I’m the only person from my high school who goes to American, but I have a couple of friends going to George Washington University. Two weekends ago I met up with one such friend. This last Spring we had been talking and agreed that we had to hang out when the year started, because it’s a shame to have friends so near by in a sea of strangers and never see them. We decided, in the interest of our typically empty wallets, to take advantage of the wide variety of free museums in our nation’s lovely capital. So we both went our separate routes to the National Mall and, with some finagling and a lot of texts along the lines of ‘where are you?’ ‘I’m right here’ ‘where’s that’, managed to find each other. Strolling over the grass, we pretended to talk about our options for about five minutes before going with what was the obvious choice from the beginning: Air and Space Museum.
This is a true fact: everybody likes Air and Space. I’ve been to DC on three different vacations and every time I’ve gone to Air and Space and it just doesn’t get old. Space doesn’t get old. Space goes on forever. Think about THAT next time you’re having difficulty falling asleep.
Anyways, we went to Air and Space and wandered around, ooo-ing and ahh-ing at the rockets and satellites and taking selfies with Sputnik. Sputnik is very cute. No wonder the Soviets got out there before the Americans. We both like WW2 so we spent an inordinate amount of time in the exhibit hall displaying aircraft from that era, as well as the part that is set up like a mock air raid shelter in the London Underground. I love museums like that, with interactive rooms dressed up to be from times gone by. Everybody likes to pretend they’re back in time when walking through those rooms. Anyone who says differently is likely lying, or just boring.
After having exhausted the joys of Messerschmitts and Spitfires, we debated going into either the IMAX or planetarium, but the joint forces of our previously discussed financial situations and hunger (it being far past lunchtime by this point) made a compelling argument against the idea. We opted to leave the museum in search of sustenance.

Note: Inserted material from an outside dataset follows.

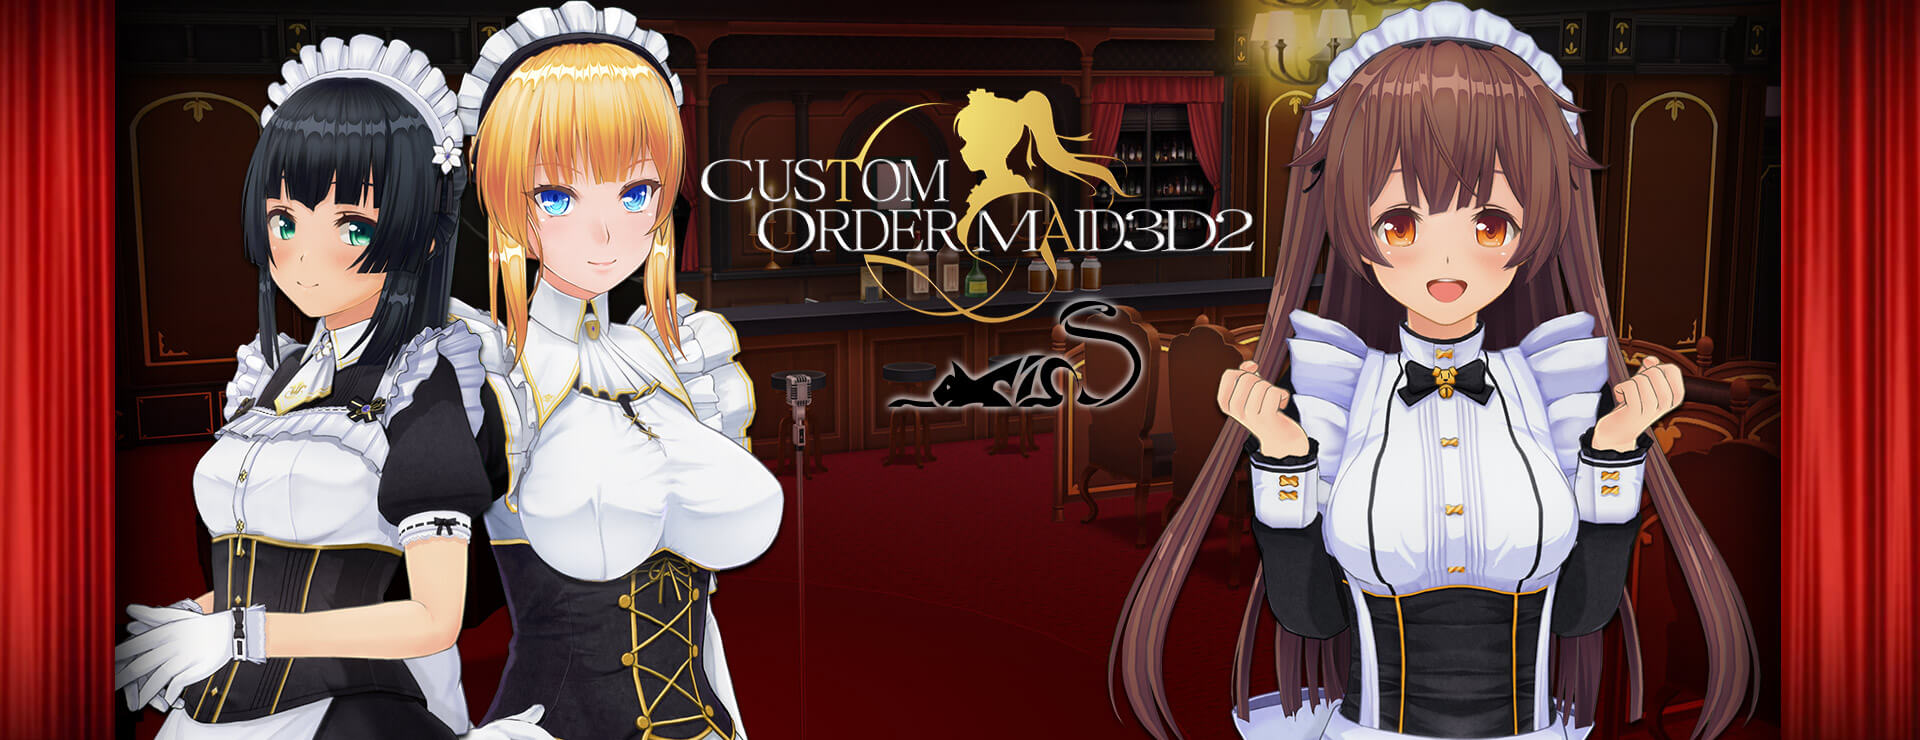 Custom Order Maid 3D2 Game - Simulation Game

We took the Metro into Chinatown to get lunch and as we were ruminating on our day over hot and sour soup and tiny cups of green tea I remarked that it felt very grown up, going out into the Big City and to a museum, without any sort of prompting from any figure of authority at all, and then he agreed very seriously and then we started giggling and it downgraded to being not very adult at all, what with us both snickering into our Chinese food about how mature we were.
Once sated, we returned to the tube where it was time to go our separate ways. After much tearful hugging and heartfelt promises to go see some art together and get cultured another time, we parted, him to George Washington and I to American, and to the comforts of my dorm room.
All together, a very fun experience with a lovely balance of old friends and new places.